Multithreading is maybe the biggest change in software development. In contrast to advanced command sets like MMX, SSE and so on it is not about some peep hole optimization, about replacing a bunch of x86_32 commands with some SSE commands, it is about changing the whole approach, finding new algorith
Some comments from one of the authors (Score:5, Informative)
A couple notes about the multi-threading: The main goal was to allow SSH to make use of multiple processing cores. The stock OpenSSH is, by design, limited to using one core. As such a user can encounter situations where they have more network capacity and more compute capacity but will be unable to exploit them. The goal of this patch was to allow users to make full use of the resources available too them. The upshot of this is that its best suited for high performance network and compute environments (The HPN in HPN-SSH stands for High Performance Networking). This doesn't mean it won't be useful to home users - only that they might not see the dramatic performance gains someone in a higher capacity environment might see.
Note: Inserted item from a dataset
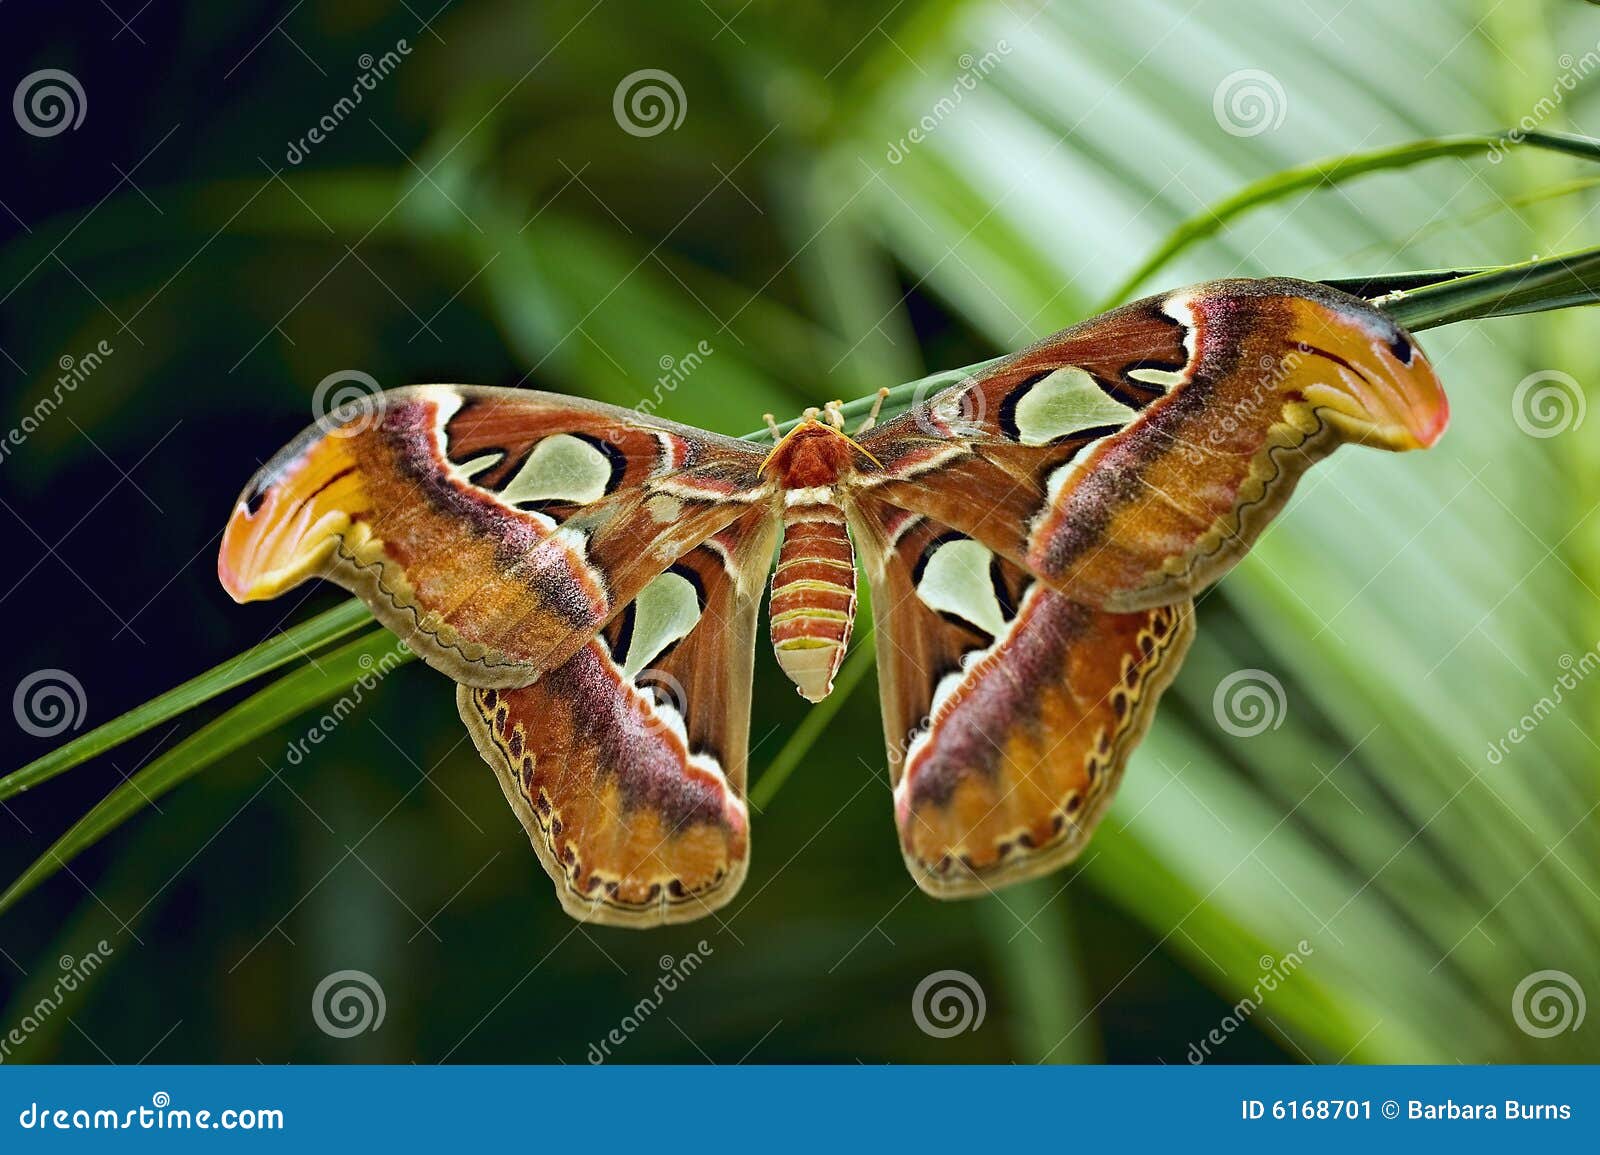 giant atlas moth

Its really going to depend on the specifics of their environment.
Based on our research we decided the most effective way to do this would be to make the AES-CTR mode cipher multi-threaded. The CTR mode is well suited to threading because there is no inter block dependency and, even better, the resulting cypher stream is indistinguishable from a single threaded CTR mode cypher stream. As a result, we retain full compatibility with other implementations of SSH - you don't need to have HPN-SSH on both sides of the connection. Of course, you won't see the same improvements unless you do.
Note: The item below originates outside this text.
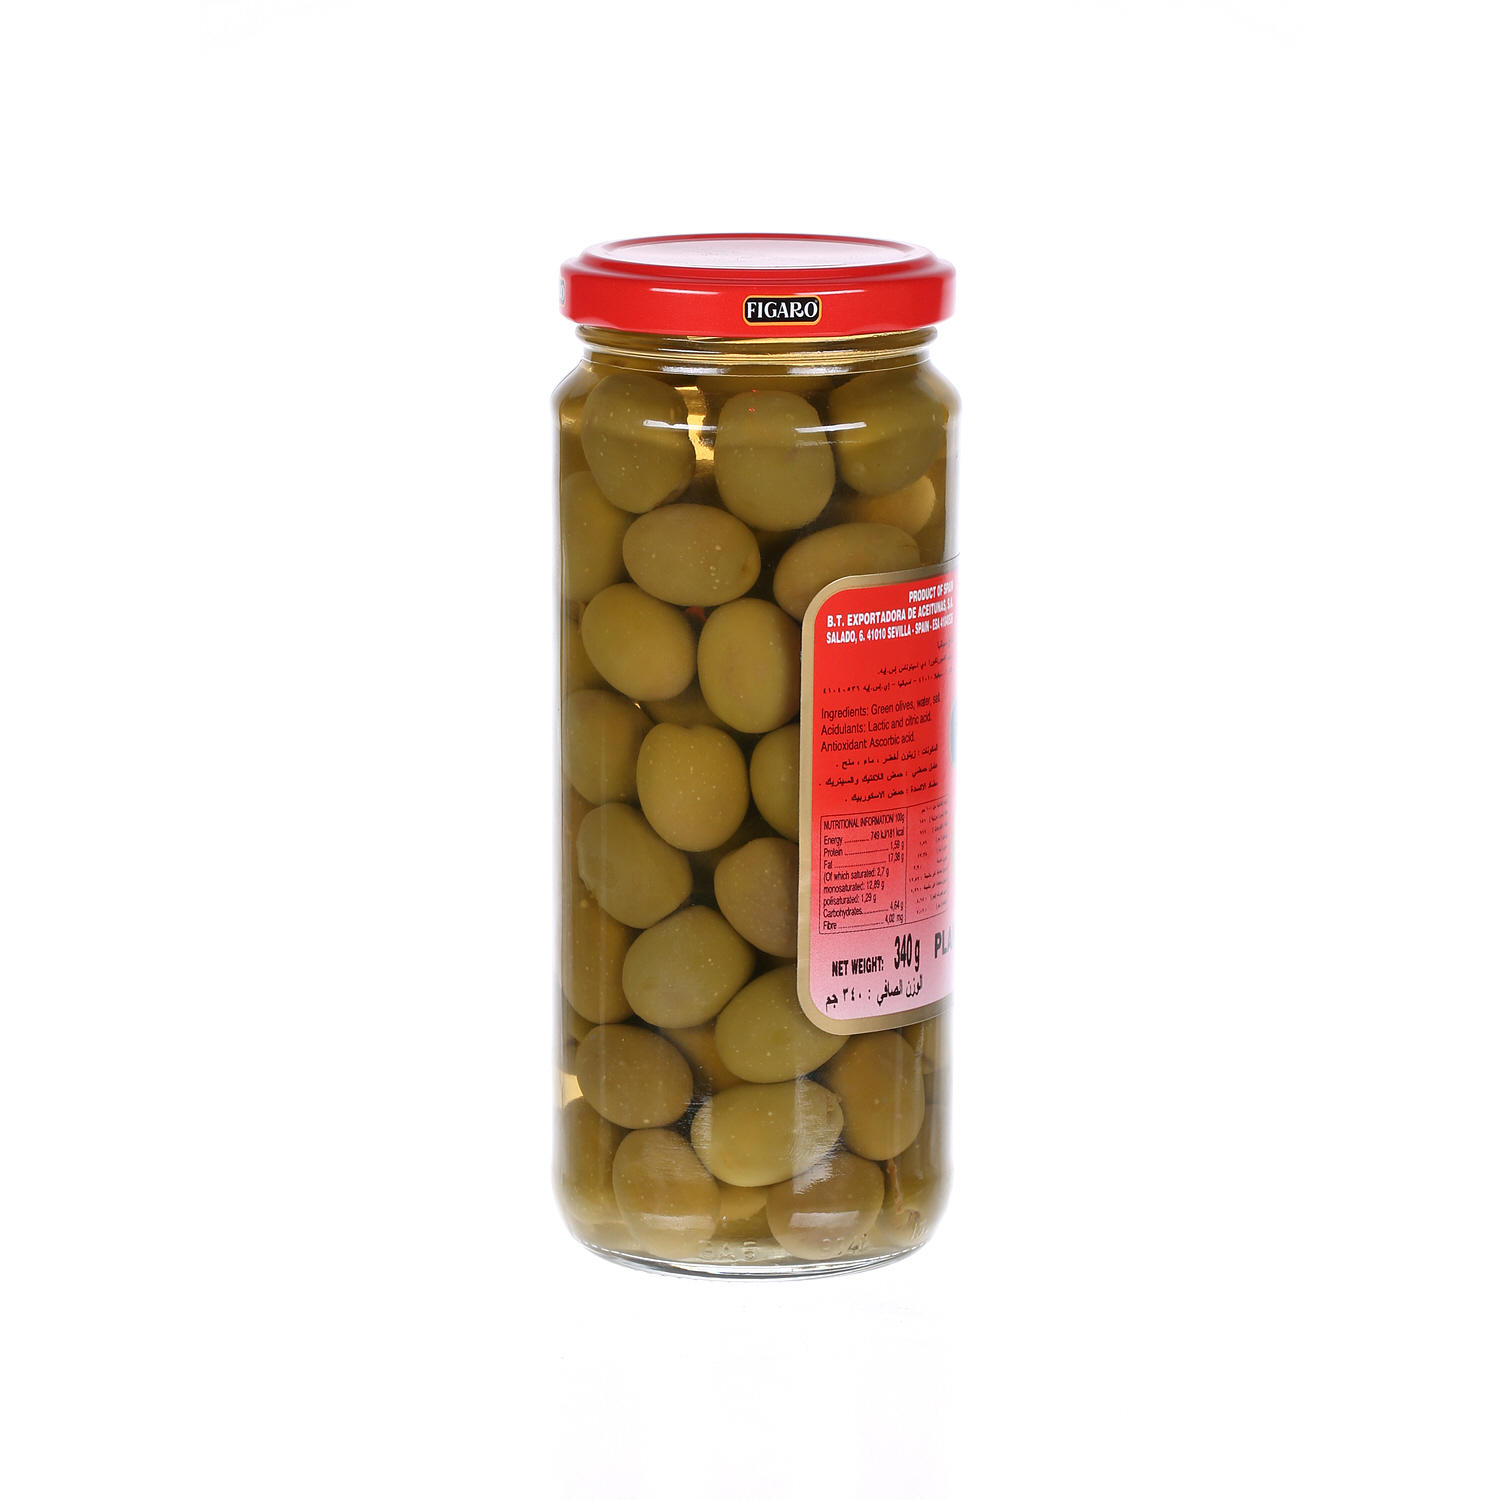 Figaro Plain Green Olives 200 g

We still see this as somewhat experimental because we've not yet implemented a way to allow users to choose between a single threaded AES-CTR and multi-threaded AES-CTR mode. As such users on single core machines - if using AES-CTR may see a decrease in performance. We suggest those users just make use of the AES-CBC mode instead (which is the default anyway). Also, you need to be able to support posix threads.
Future work will involve pipelining the MAC routine and that should provide us with another 30% or so improvement in throughput.
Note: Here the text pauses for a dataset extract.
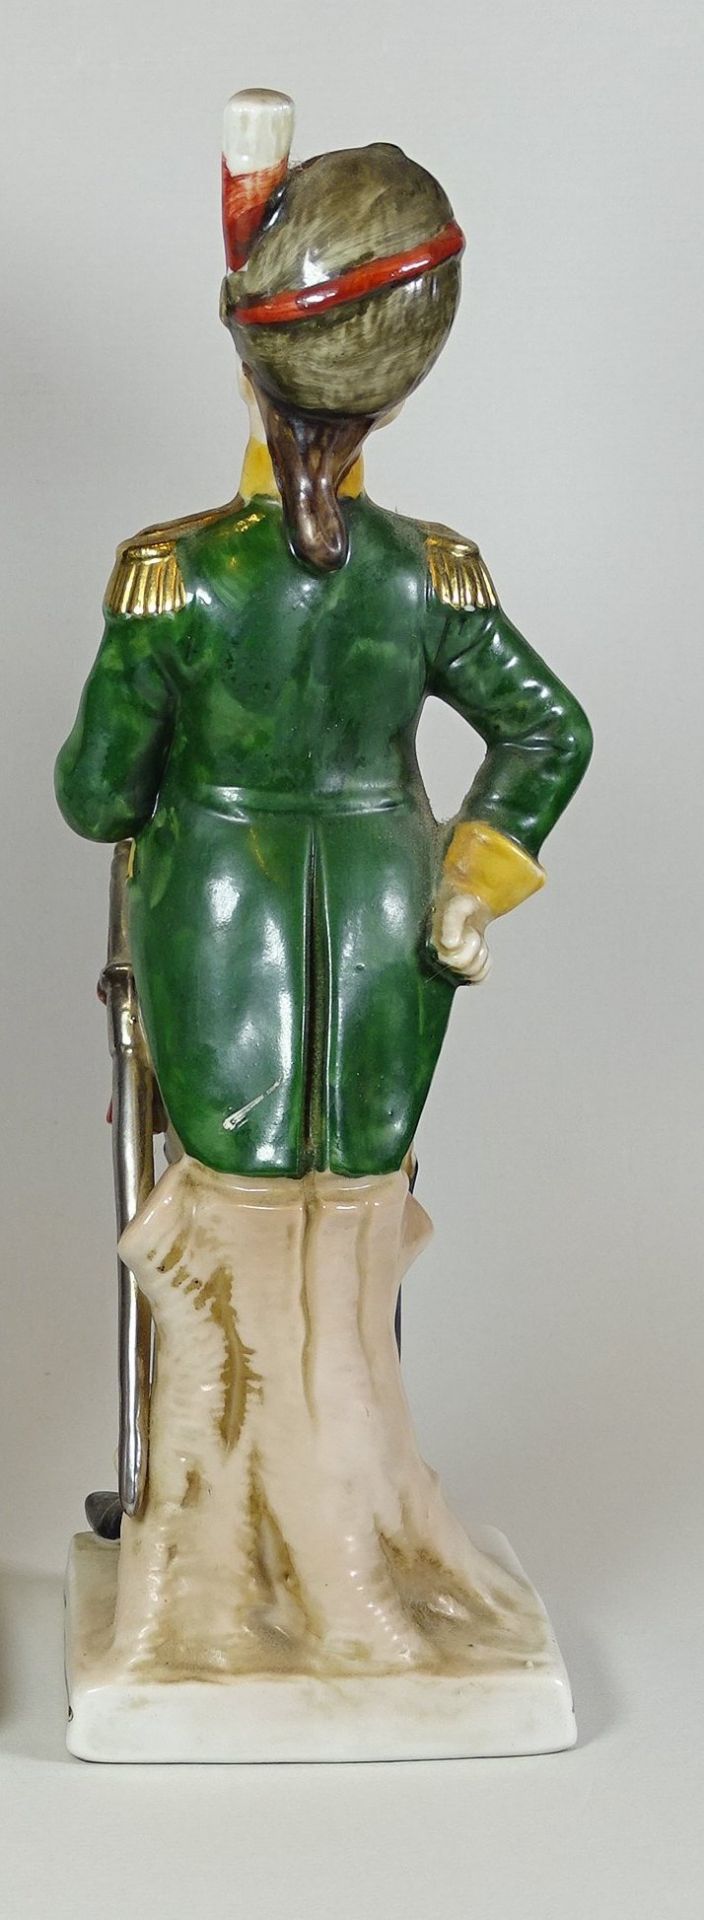 Offizier Figur mit Pfeife,ungemarkt, H. 25cm,Alters- und Gebrauchsspuren - Bild 4 aus 4

Also, its important to keep in mind that these improvements are *not* just for SCP but for SSH as a whole. People using HPN-SSH as a transport mechanism for rsync, tunnels, pipes, and so forth may also see considerable performance improvements. Additionally, the windowing patches don't necessarily require HPN-SSH to be installed on both ends of the connection. As long as the patch is installed on the receiving side (the data sink) you may (assuming you were previously window limited) see a performance gain.
We welcome any comments, suggests, ideas, or problem reports you might have regarding the HPN-SSH patch. Go the website mentioned above and use the email address there to get in touch with us. This is a work in progress and we are doing what we can to enable line rate easy to use fully encrypted communications. We've a lot more to do but I hope what we've done so far is of use and value to the community.
Re: (Score:3, Insightful)
Re: (Score:2)
Re: (Score:3, Informative)
BDP is the bandwidth-delay product. BDP is one of the main things these patches address. Loopback has very, very little delay. You could, I suppose, add artificial delay over loopback, but now you're diverging further from the actual deployment scenario.
The other thing is that when sender and receiver are the same host, you don't engage the full network stack (no ethernet queuing, for example, no dropped packets, etc. etc.), so you don't find out all the curve balls that TCP/IP will throw you.
And yet a
Re: (Score:2)
So all you need are three machines: client, "pipe", server.
Do a netcat or something to see how fast things are without scp.
The trouble is if your Gbps NICs don't actually do Gbps speeds, there are a fair number of those out there that can't sustain 1Gbps. Fortunately nowadays most onboard NICs aren't too crappy.